CREATE TABLE `tag_product` (
  `id_pair` int(10) unsigned NOT NULL AUTO_INCREMENT,
  `id_product` int(10) unsigned NOT NULL,
  `id_user_tag` int(10) unsigned NOT NULL,
  `status` tinyint(3) NOT NULL,
  `percentile` decimal(8,4) unsigned NOT NULL,
  `percentile_weighted` decimal(8,4) unsigned NOT NULL,
  `elo` int(10) unsigned NOT NULL,
  `date_add` datetime NOT NULL,
  `date_upd` datetime NOT NULL,
  PRIMARY KEY (`id_pair`),
  UNIQUE KEY `id_product_id_user_tag` (`id_product`,`id_user_tag`),
  KEY `status` (`status`),
  KEY `id_user_tag` (`id_user_tag`),
  CONSTRAINT `tag_product_ibfk_5` FOREIGN KEY (`id_user_tag`) REFERENCES `user_tag` (`id`) ON DELETE CASCADE ON UPDATE CASCADE
) ENGINE=InnoDB DEFAULT CHARSET=utf8mb4;
CREATE TABLE `tag_rating` (
  `id` int(10) unsigned NOT NULL AUTO_INCREMENT,
  `id_customer` int(10) unsigned NOT NULL,
  `id_pair` int(10) unsigned NOT NULL,
  `id_duel` int(10) unsigned NOT NULL,
  `value` tinyint(4) NOT NULL,
  `date_add` datetime NOT NULL,
  PRIMARY KEY (`id`),
  UNIQUE KEY `id_duel_id_pair` (`id_duel`,`id_pair`),
  KEY `id_pair_id_customer` (`id_pair`,`id_customer`),
  KEY `value` (`value`),
  KEY `value_date_add` (`value`,`date_add`),
  KEY `id_customer_value_date_add` (`id_customer`,`value`,`date_add`),
  CONSTRAINT `tag_rating_ibfk_3` FOREIGN KEY (`id_pair`) REFERENCES `tag_product` (`id_pair`) ON DELETE CASCADE ON UPDATE CASCADE,
  CONSTRAINT `tag_rating_ibfk_6` FOREIGN KEY (`id_duel`) REFERENCES `tag_rating_duel` (`id_duel`) ON DELETE CASCADE ON UPDATE CASCADE,
) ENGINE=InnoDB DEFAULT CHARSET=utf8mb4;

表 tag_product 有大约 250k 行,而 tag_rating 有大约 1M 行。

我的问题是 SQL 查询在我的机器上平均需要大约 0.8 秒。

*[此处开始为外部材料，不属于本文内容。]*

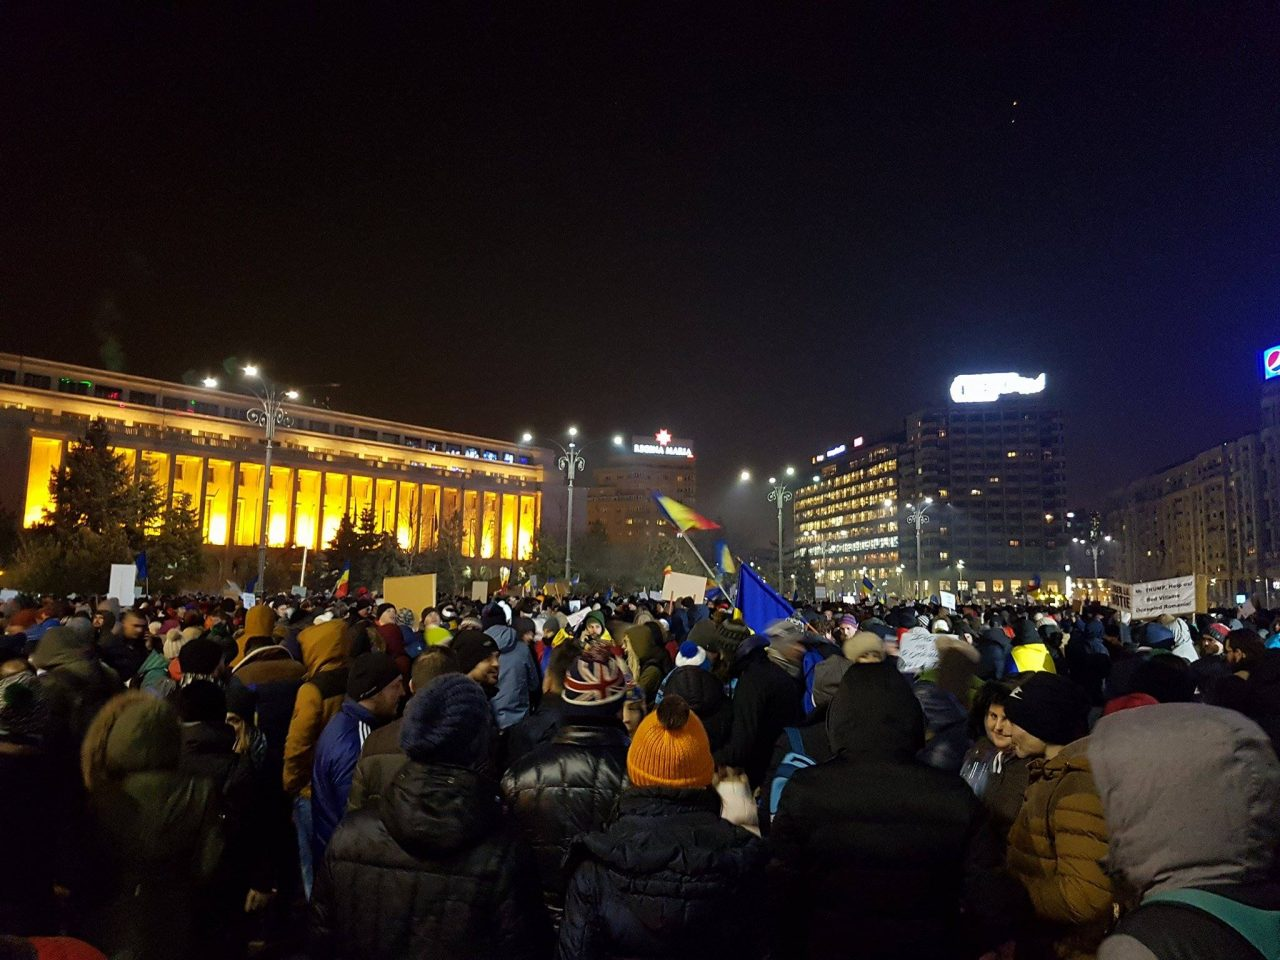 Bucharest-protests-Feb-1-Romania-Insider-2-1280x960.jpg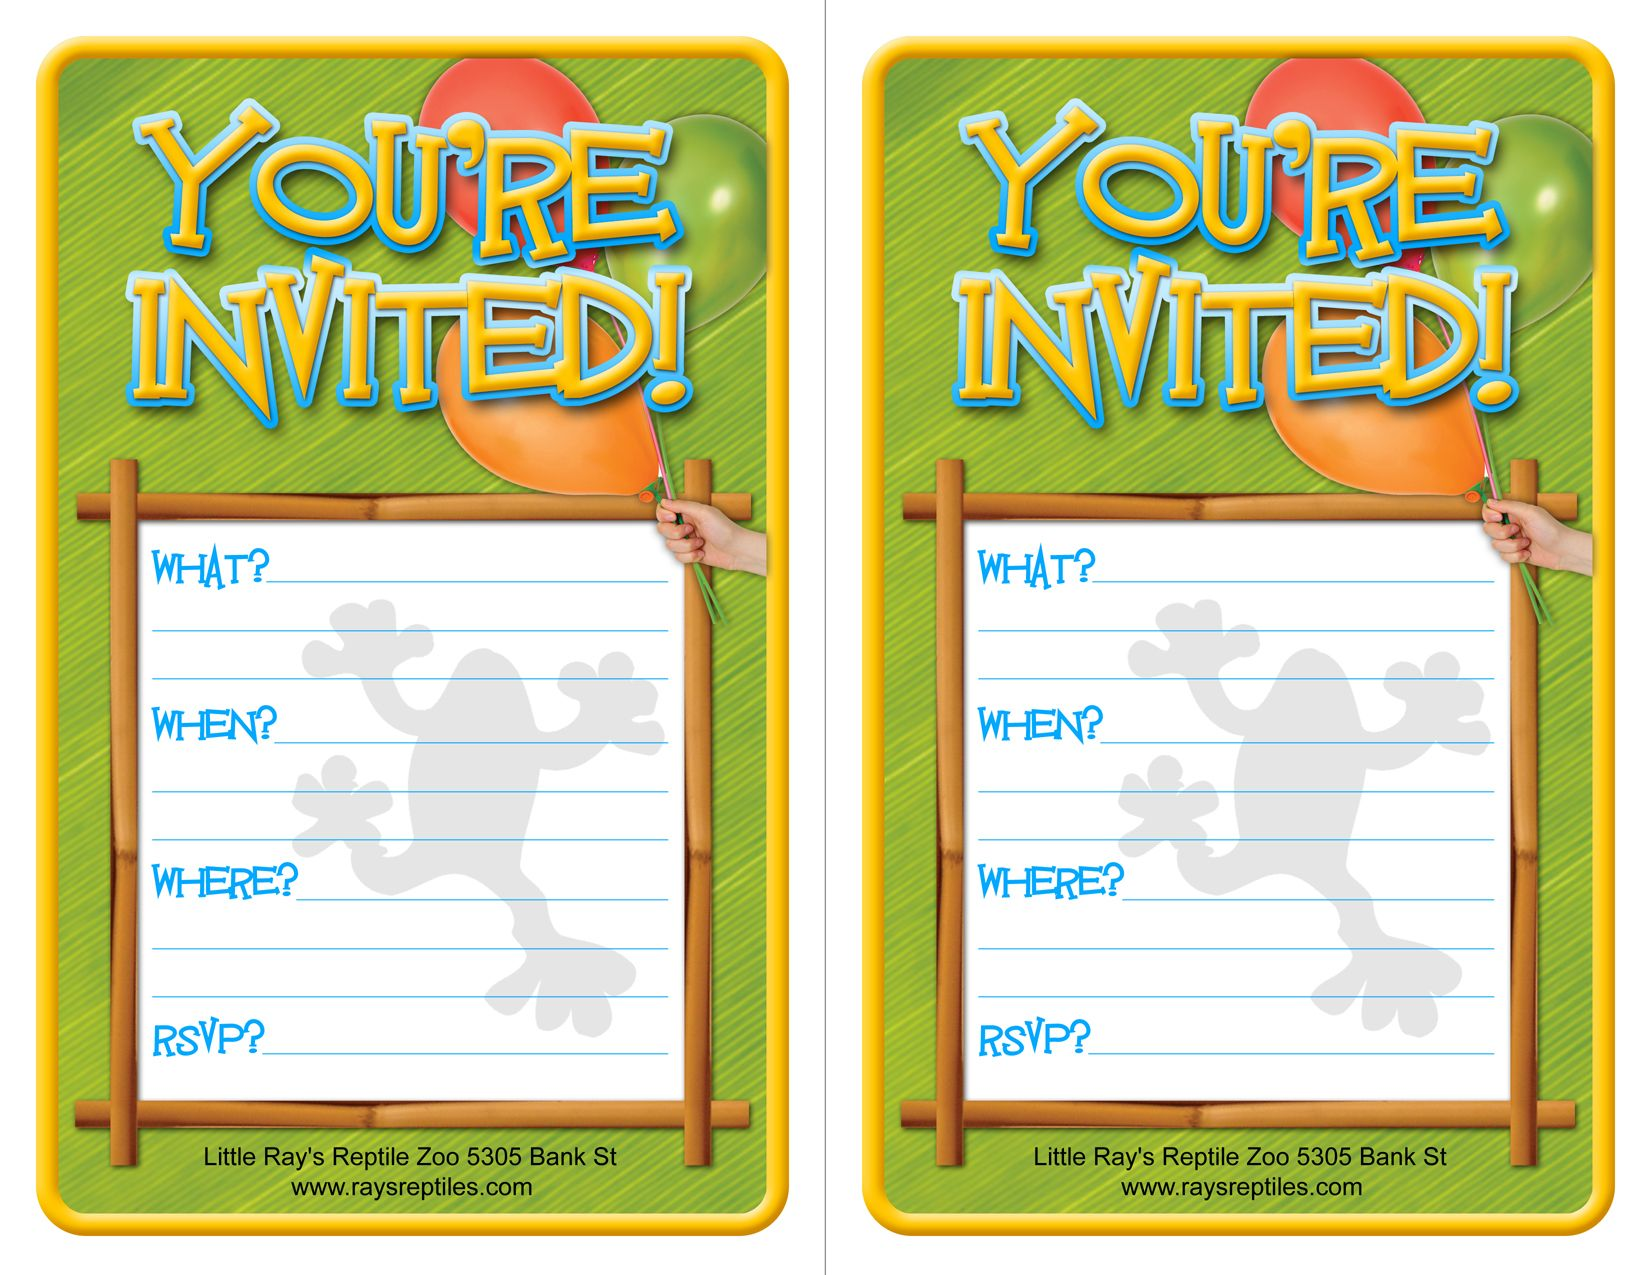 Party Invitation Wording Zazzle Au 65th Birthday Party – Reptile Invitations Birthday

我希望将其理想地控制在 0.5 秒以下,同时还假设表格可以变大 10 倍。由于我有一个日期条件(我只想要不到一个月大的行),所以使用的行数应该大致相同。

这是否可以通过一些技巧(也就是不重组我的表格)来加快速度?当我稍微修改(不加入较小的表)该语句为

SELECT r.id_customer, COUNT(*)
FROM tag_rating AS r USE INDEX (value_date_add)
WHERE 
r.value = 1 AND
r.date_add > '2020-08-08 11:56:00'
GROUP BY r.id_customer;

这是解释选择

+----+-------------+-------+------+----------------+----------------+---------+-------+--------+---------------------------------------------------------------------+
| id | select_type | table | type | possible_keys  | key            | key_len | ref   | rows   | Extra                                                               |
+----+-------------+-------+------+----------------+----------------+---------+-------+--------+---------------------------------------------------------------------+
| 1  | SIMPLE      | r     | ref  | value_date_add | value_date_add | 1       | const | 449502 | Using index condition; Using where; Using temporary; Using filesort |
+----+-------------+-------+------+----------------+----------------+---------+-------+--------+---------------------------------------------------------------------+

大约需要 0.25 秒,这很棒。所以 JOIN 使它慢了 3 倍。这是不可避免的吗?我觉得因为我是通过主键加入的,所以它不应该让查询慢 3 倍。

- -更新 - -

这实际上是我的查询。不同的 id_customer 值的数量约为 1000 并且预计会增加,value=1 的行数正好是一半。到目前为止,查询性能似乎根据评级表中的行数线性减慢

在 id_customer_value_date_add 或 value_id_customer_date_add 索引末尾添加 id_pair 没有帮助。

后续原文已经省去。